RELATOR : MINISTRO ANTONIO CARLOS FERREIRA

AGRAVANTE : MIKHAIL BARROS E FAVALESSA

ADVOGADOS : MAURÍCIO AUDE - MT004667

LUCAS ANASTÁCIO MOURÃO - RJ187504

ANDRÉ LUIZ DE CARVALHO MATHEUS - RJ190183

FRANCISRAY ÀRTHUR SANTOS ALVES - MT018798

AGRAVANTE : GUILHERME ADZGAUSKAS WALTENBERG

ADVOGADOS : IGOR SANT´ANNA TAMASAUSKAS - SP173163

BEATRIZ CANOTILHO LOGAREZZI - SP466448

AGRAVADO : OLINDA DE QUADROS ALTOMARE

ADVOGADO : MILTON VIZINI CORRÊA JUNIOR - MT003076

DECISÃO

Trata-se de agravo nos próprios autos (CPC/2015, art. 1.042) interposto por
GUILHERME ADZGAUSKAS WALTENBERG, contra decisão que inadmitiu o recurso
especial por incidência da Súmula n. 7/STJ e falta de comprovação do dissídio
jurisprudencial alegado (e-STJ fls. 736/754).
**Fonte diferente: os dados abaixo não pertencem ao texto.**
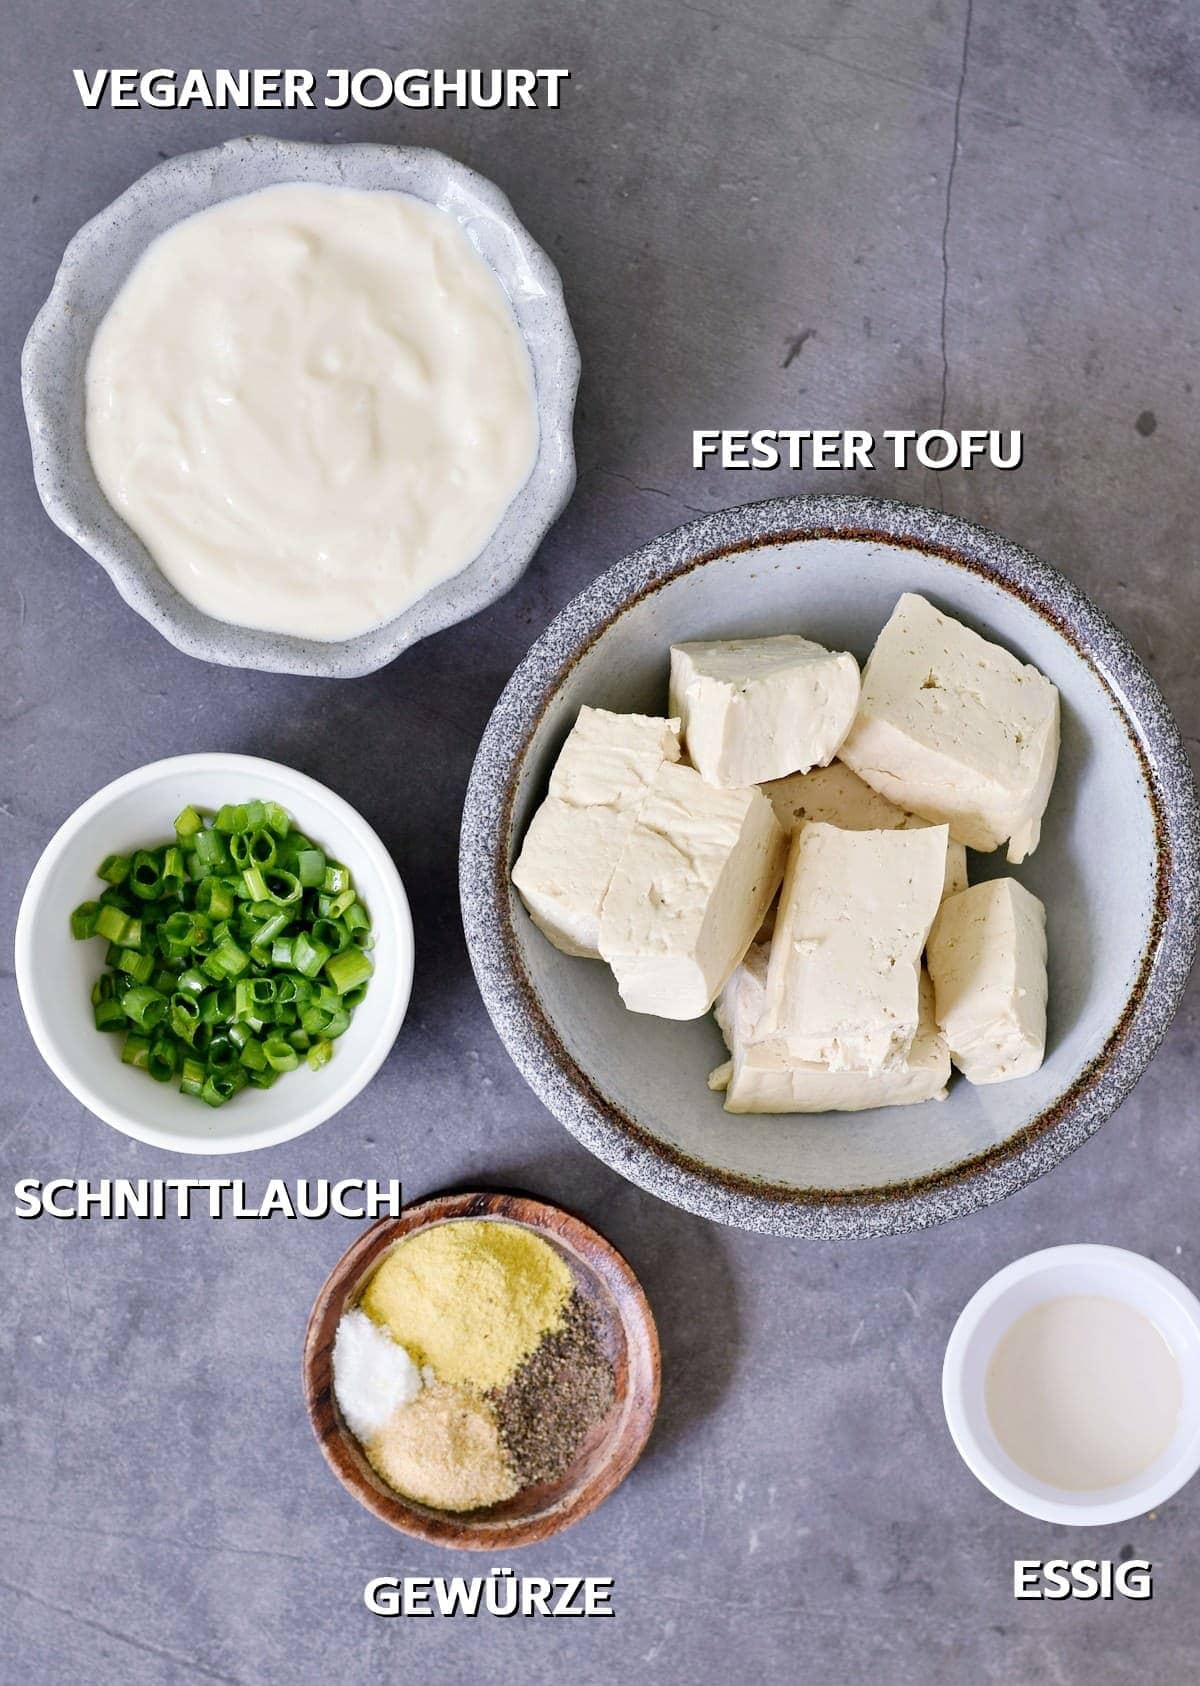 veganer joghurt, fester tofu, schnittlauch, gewürze, essig

O acórdão recorrido está assim ementado (e-STJ fl. 494):

APELAÇÃO – AÇÃO DE INDENIZAÇÃO POR DANOS MORAIS – MATÉRIA
JORNALÍSTICA – INSINUAÇÃO DE FAVORECIMENTO DE MAGISTRADA
A CREDOR – DANO A IMAGEM – DANO MORAL CONFIGURADO –
QUANTUM INDENIZATÓRIO - MANUTENÇÃO - RECURSO DESPROVIDO.

Escorreita a condenação dos demandados ao pagamento de indenização
por danos morais à Magistrada em decorrência de matéria jornalística
insinuando que a julgadora atuou com parcialidade visando favores
econômicos.

o quantum indenizatório dos danos morais deve atender aos princípios da
razoabilidade e da proporcionalidade, bem como ao duplo objetivo das ações
desta natureza, qual seja, compensar a vítima e punir o ofensor, devendo ser
mantido quando adequadamente fixado à luz do caso concreto.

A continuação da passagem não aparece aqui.